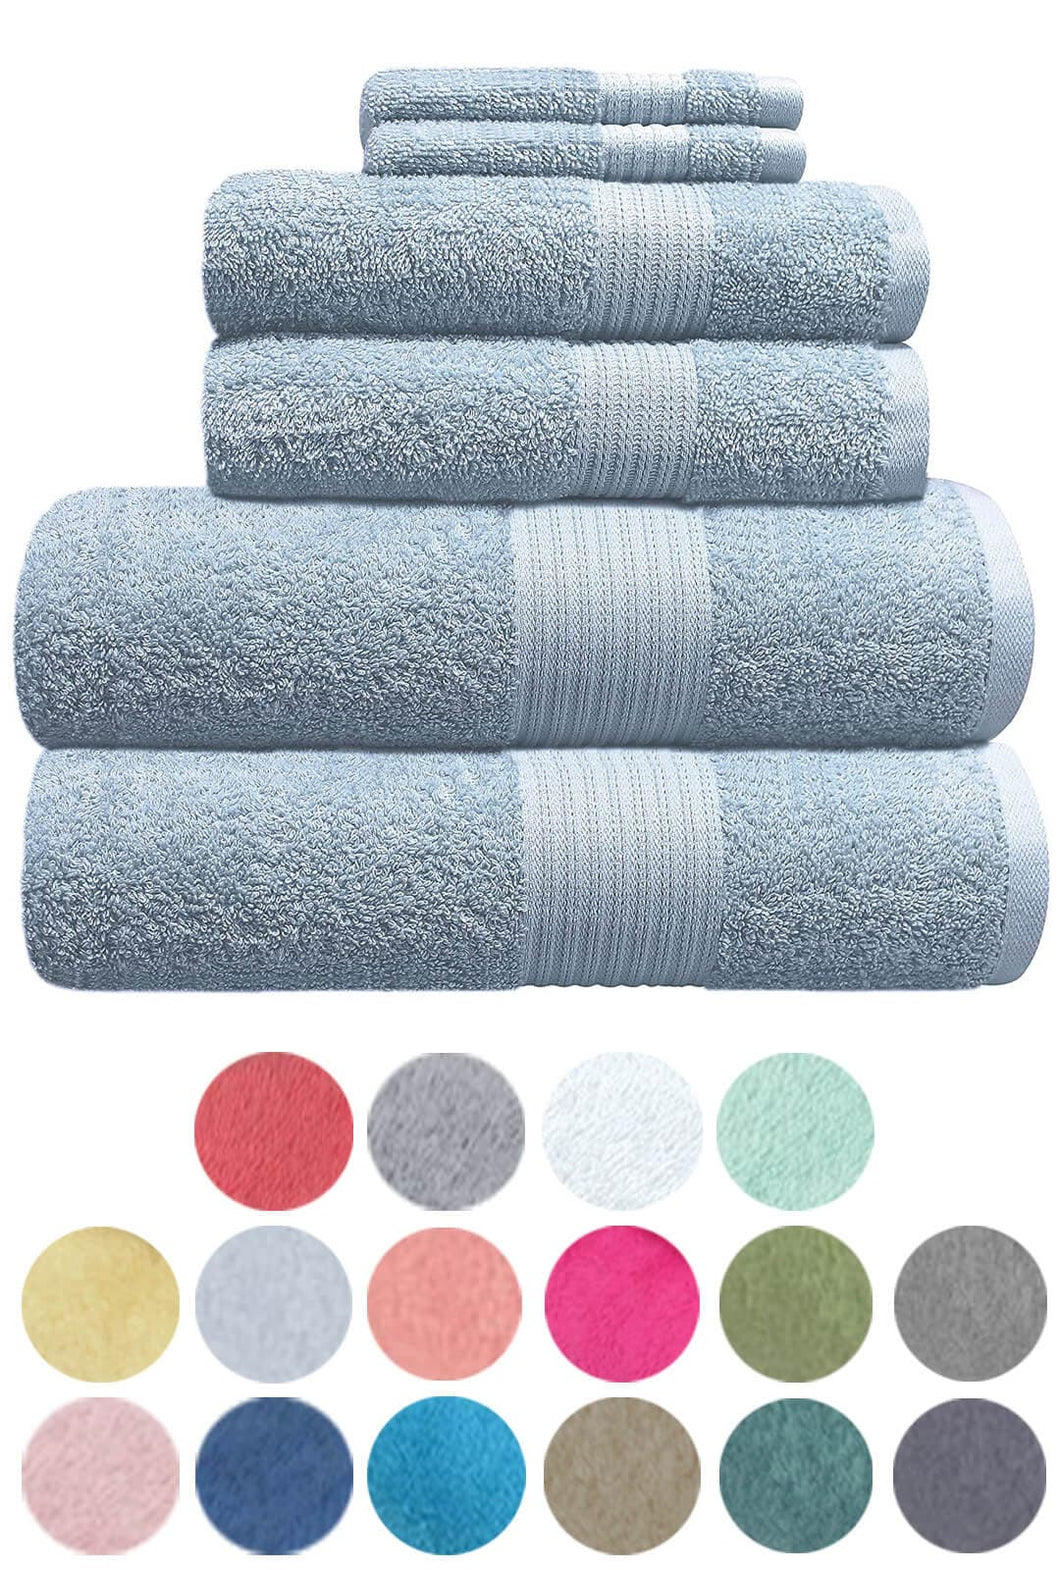 8 Piece Value Range Towels Bale Set 100% Cotton Great Quality Towels 4 Face Cloth, 2 Hand Towel, 2 Bath Towel
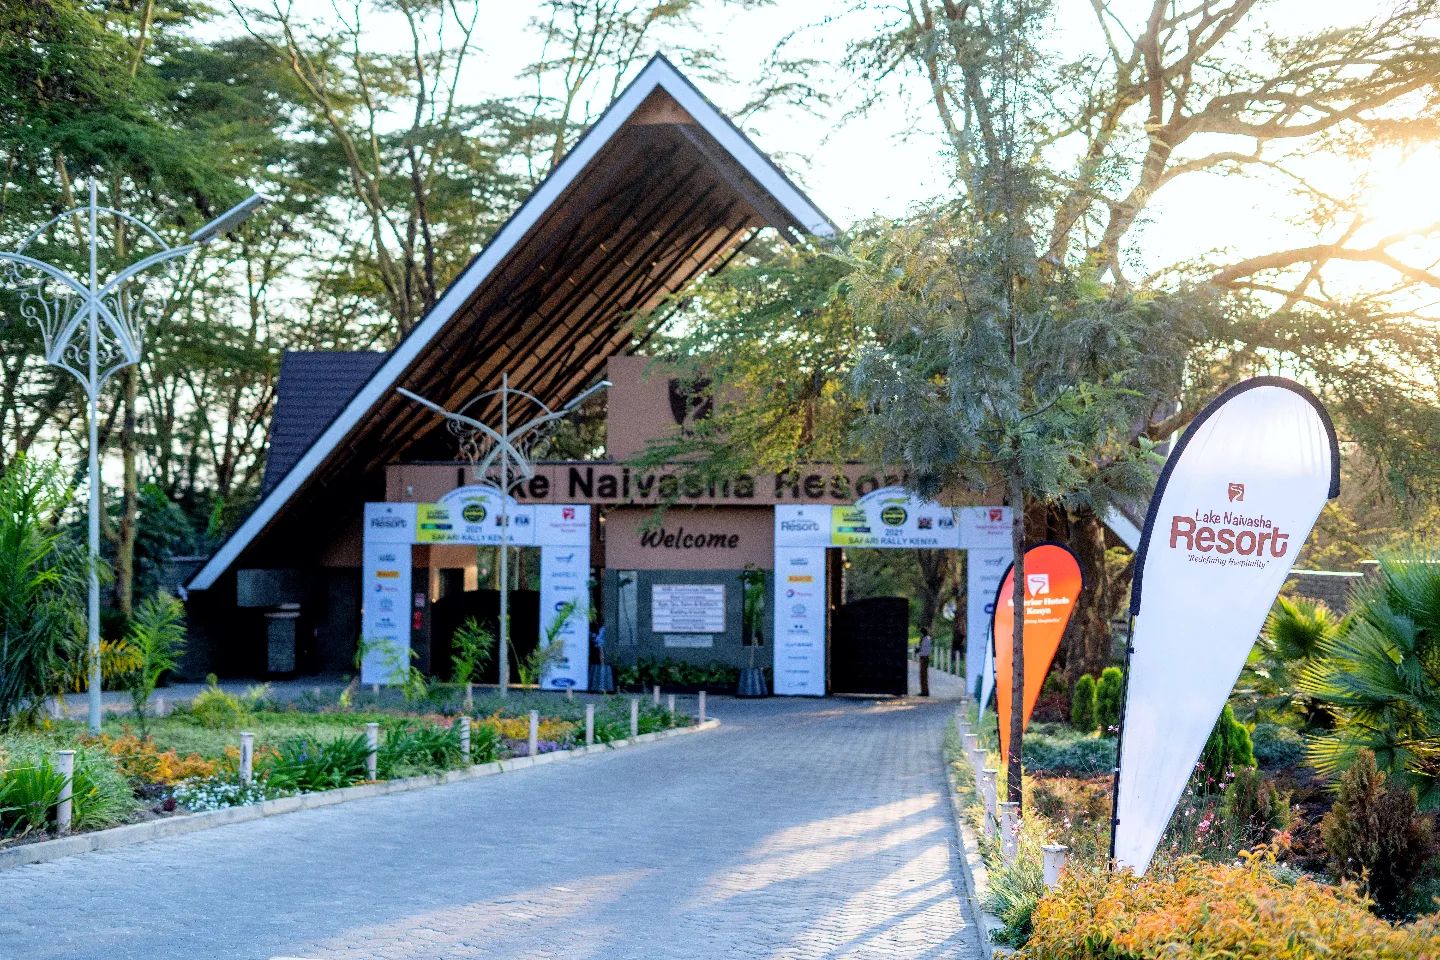 Lake Naivasha Resort
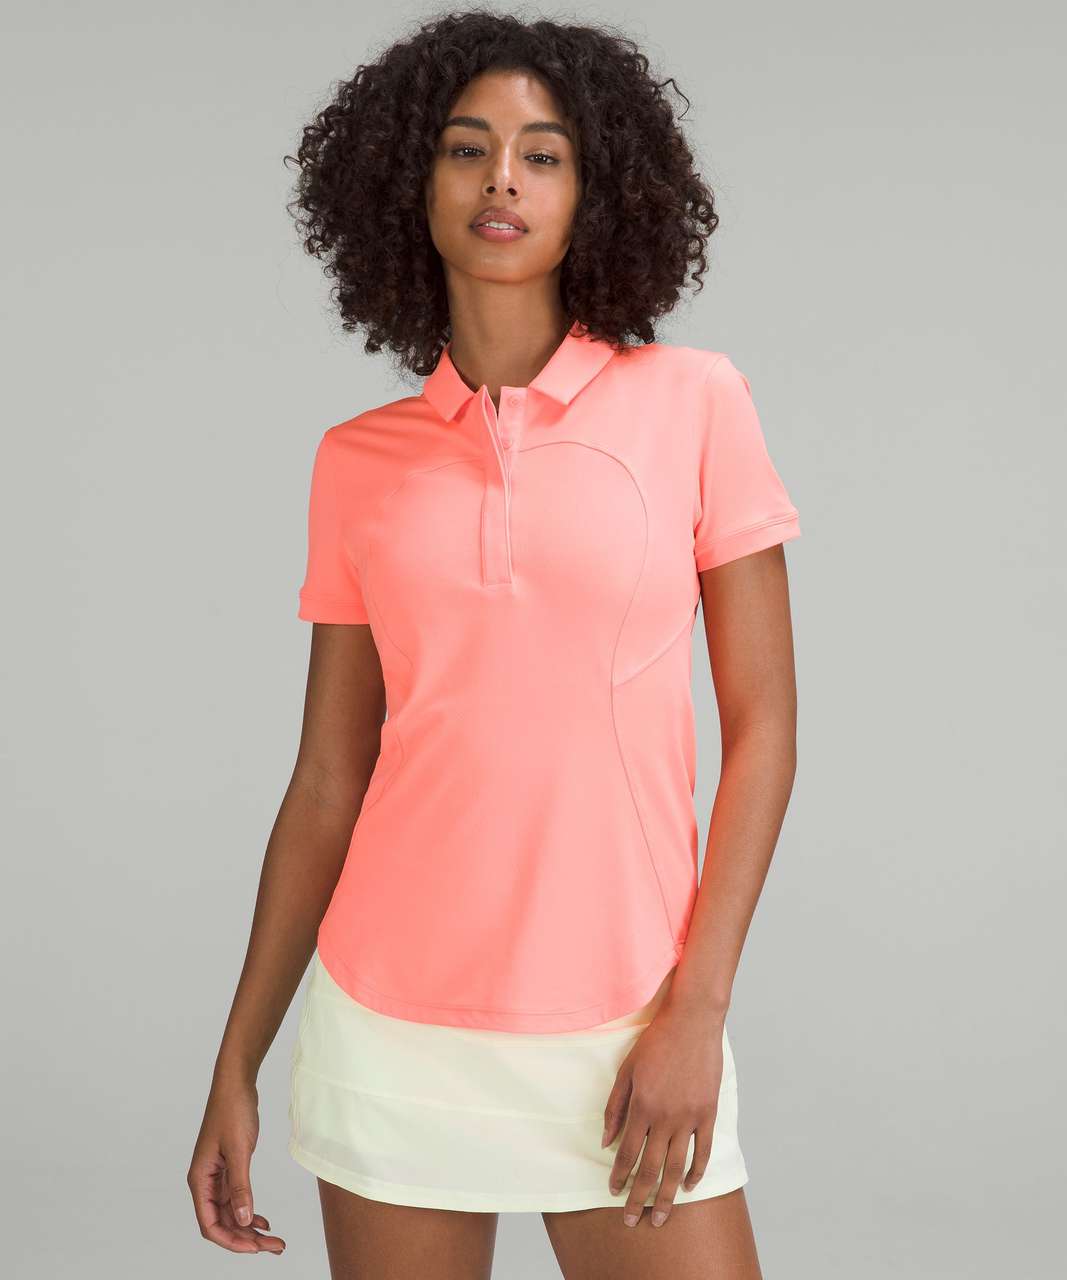 Lululemon Quick-Dry Short Sleeve Polo Shirt - Sunset
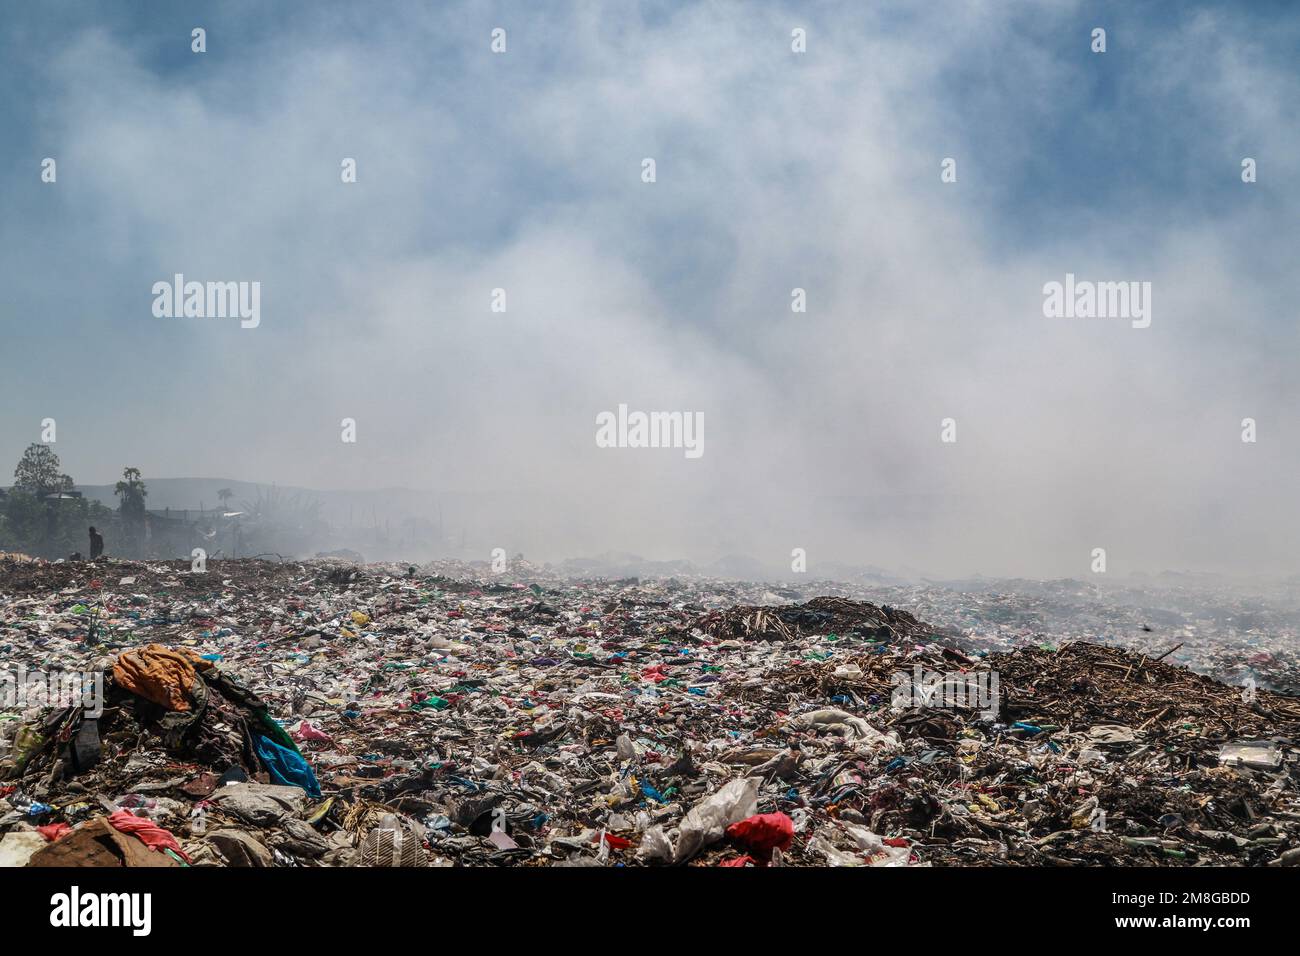 Müllsammler sammeln Abfälle, um sie in starkem Rauch zu recyceln, indem sie Müll auf dem Hauptlagerplatz von Nakuru verbrennen. Da Abfälle selten getrennt und stark mit allen Arten von Abfall vermischt werden, kann das Verbrennen potenziell giftige Dämpfe erzeugen, die ein Problem für die öffentliche Gesundheit darstellen und auch zum Klimawandel beitragen können. Gemeinden, die in der Nähe von Mülldeponien arbeiten und leben, wo Müll offen verbrannt wird, sind dem Risiko von Atemwegserkrankungen und Krebs ausgesetzt. Frauen, die diesen Dämpfen ausgesetzt sind, können unter reproduktiven Gesundheitsproblemen leiden. (Foto: James Wakibia/SOPA Images/Sipa USA) Stockfoto

....

# Task directions
The output is the lines from the start of the data above through the line containing "Lululemon Quick-Dry Short", unchanged, with any picture left out.

# Output
 8 Piece Value Range Towels Bale Set 100% Cotton Great Quality Towels 4 Face Cloth, 2 Hand Towel, 2 Bath Towel
 Lake Naivasha Resort
 Lululemon Quick-Dry Short Sleeve Polo Shirt - Sunset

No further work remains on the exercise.